(Oleh: Diki Kusdian)
Meskipun era digital dan demokrasi semakin berkembang, kebebasan pers di Indonesia masih belum sepenuhnya aman. Para jurnalis tetap menghadapi berbagai bentuk ancaman, mulai dari intimidasi fisik dan hukum hingga serangan siber yang mengancam independensi media.
Laporan terbaru dari Indeks Keselamatan Jurnalis 2024 menunjukkan bahwa meskipun angka kekerasan terhadap jurnalis menurun, ancaman yang dihadapi justru semakin kompleks dan berbahaya. Dari upaya pelarangan liputan hingga serangan digital yang membungkam media kritis, situasi ini menunjukkan bahwa kebebasan pers masih berada dalam ketidakpastian.
Dari Kekerasan Fisik ke Serangan Digital
Dulu, ancaman terhadap jurnalis lebih banyak berbentuk kekerasan fisik atau tekanan langsung di lapangan. Namun, kini metode intimidasi semakin berkembang. Serangan digital seperti Distributed Denial of Service (DDoS) yang melumpuhkan situs berita kritis, peretasan akun jurnalis, serta penyebaran disinformasi untuk mendiskreditkan media semakin marak terjadi.
Kasus yang dialami Project Multatuli dan Tempo menjadi bukti bahwa dunia maya telah menjadi ajang baru untuk menekan kebebasan pers. Selain itu, banyak jurnalis yang terpaksa melakukan sensor mandiri (self-censorship) akibat ancaman hukum atau tekanan dari pihak tertentu, membuat kebebasan berekspresi semakin tergerus.
Negara: Pelindung atau Ancaman bagi Pers?
Seharusnya, negara hadir untuk melindungi kebebasan pers sebagai bagian dari demokrasi. Namun, realitas menunjukkan bahwa aparat justru sering kali menjadi pelaku utama dalam berbagai bentuk kekerasan terhadap jurnalis. Berbagai laporan menunjukkan bahwa kepolisian masih mendominasi daftar aktor yang terlibat dalam kasus intimidasi dan pelarangan liputan.
Pemerintah harus menyadari bahwa pers yang bebas dan independen bukan hanya kepentingan media, tetapi juga kepentingan publik dalam memperoleh informasi yang jujur dan transparan. Tanpa jaminan perlindungan terhadap jurnalis, maka demokrasi hanya akan menjadi slogan tanpa makna.

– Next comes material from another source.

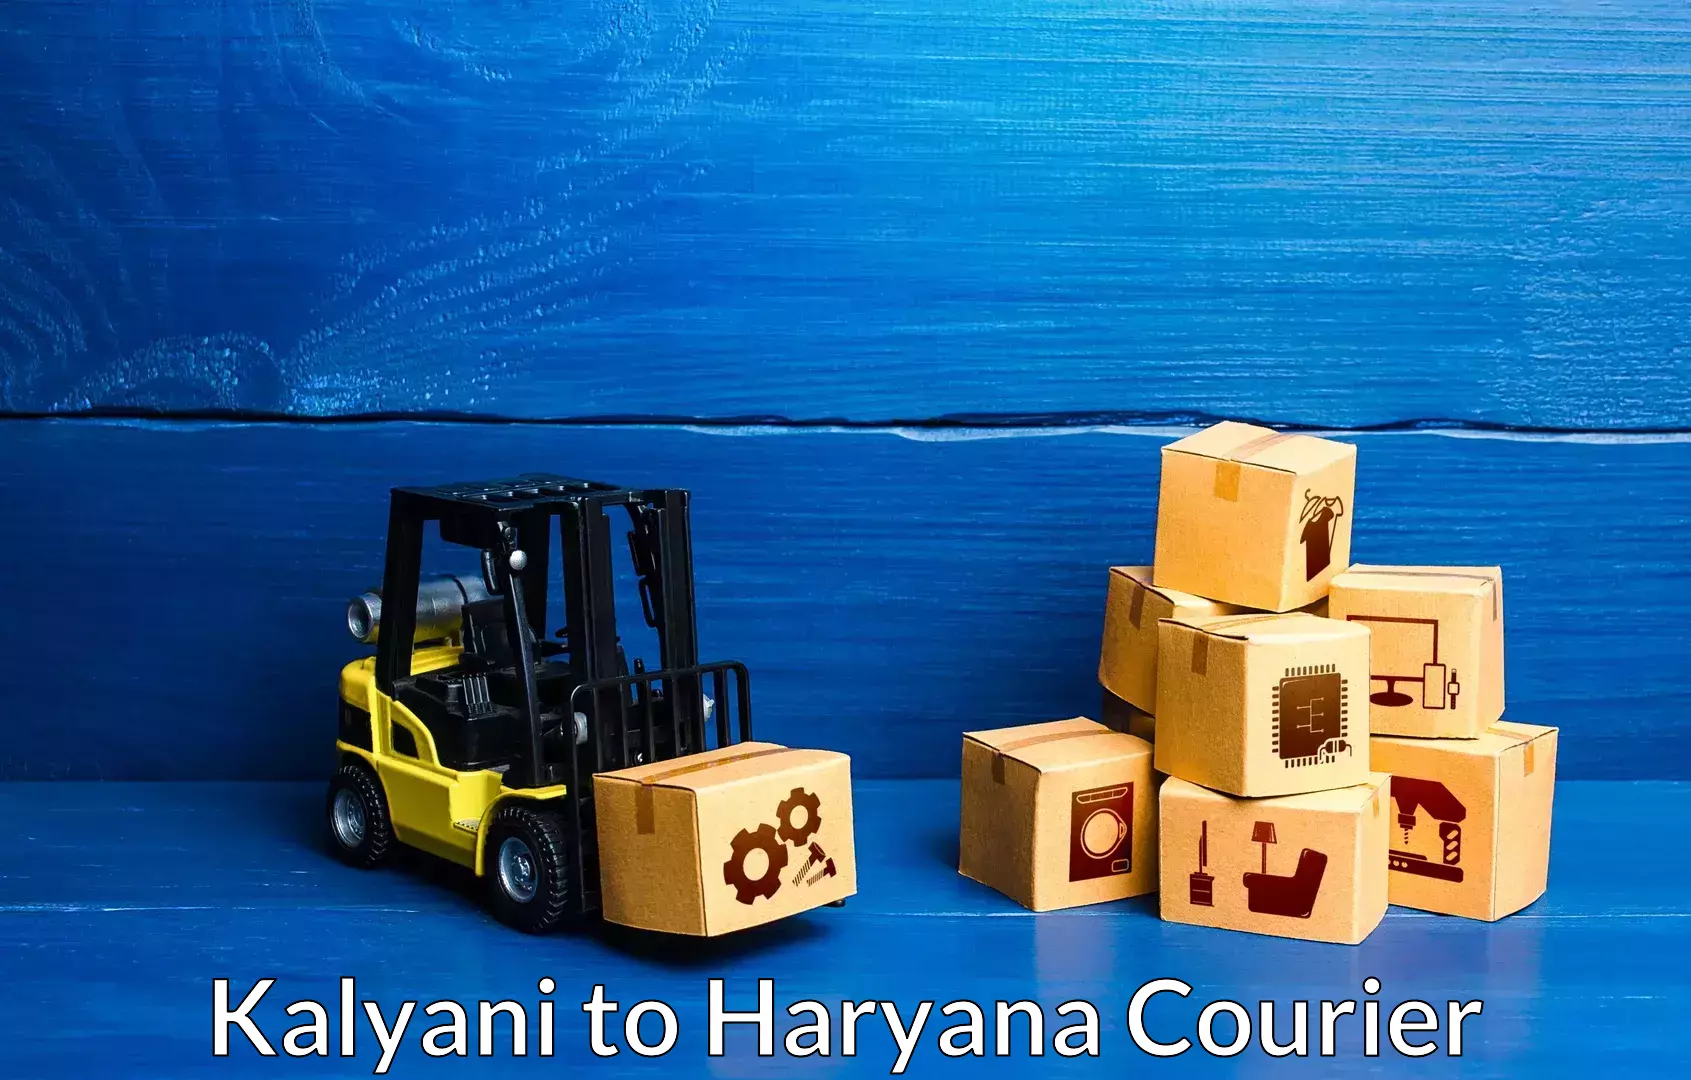 Furniture delivery service Kalyani to Dharuhera

Menyelamatkan Kebebasan Pers: Tanggung Jawab Bersama
Di tengah ketidakpastian politik dan tekanan terhadap media, masa depan kebebasan pers masih menghadapi jalan terjal. Jika ancaman terhadap jurnalis terus dibiarkan, maka publik juga akan dirugikan karena kehilangan akses terhadap berita yang kredibel dan berimbang.
Dukungan dari masyarakat sipil, solidaritas antarjurnalis, serta desakan terhadap pemerintah agar lebih serius dalam menegakkan kebebasan pers menjadi hal yang sangat diperlukan. Tanpa pers yang merdeka, transparansi dan akuntabilitas akan semakin melemah, dan demokrasi akan kehilangan salah satu pilar utamanya.
Jurnalisme yang bebas adalah kunci bagi demokrasi yang sehat. Jangan biarkan kebebasan pers terus dibayangi ancaman.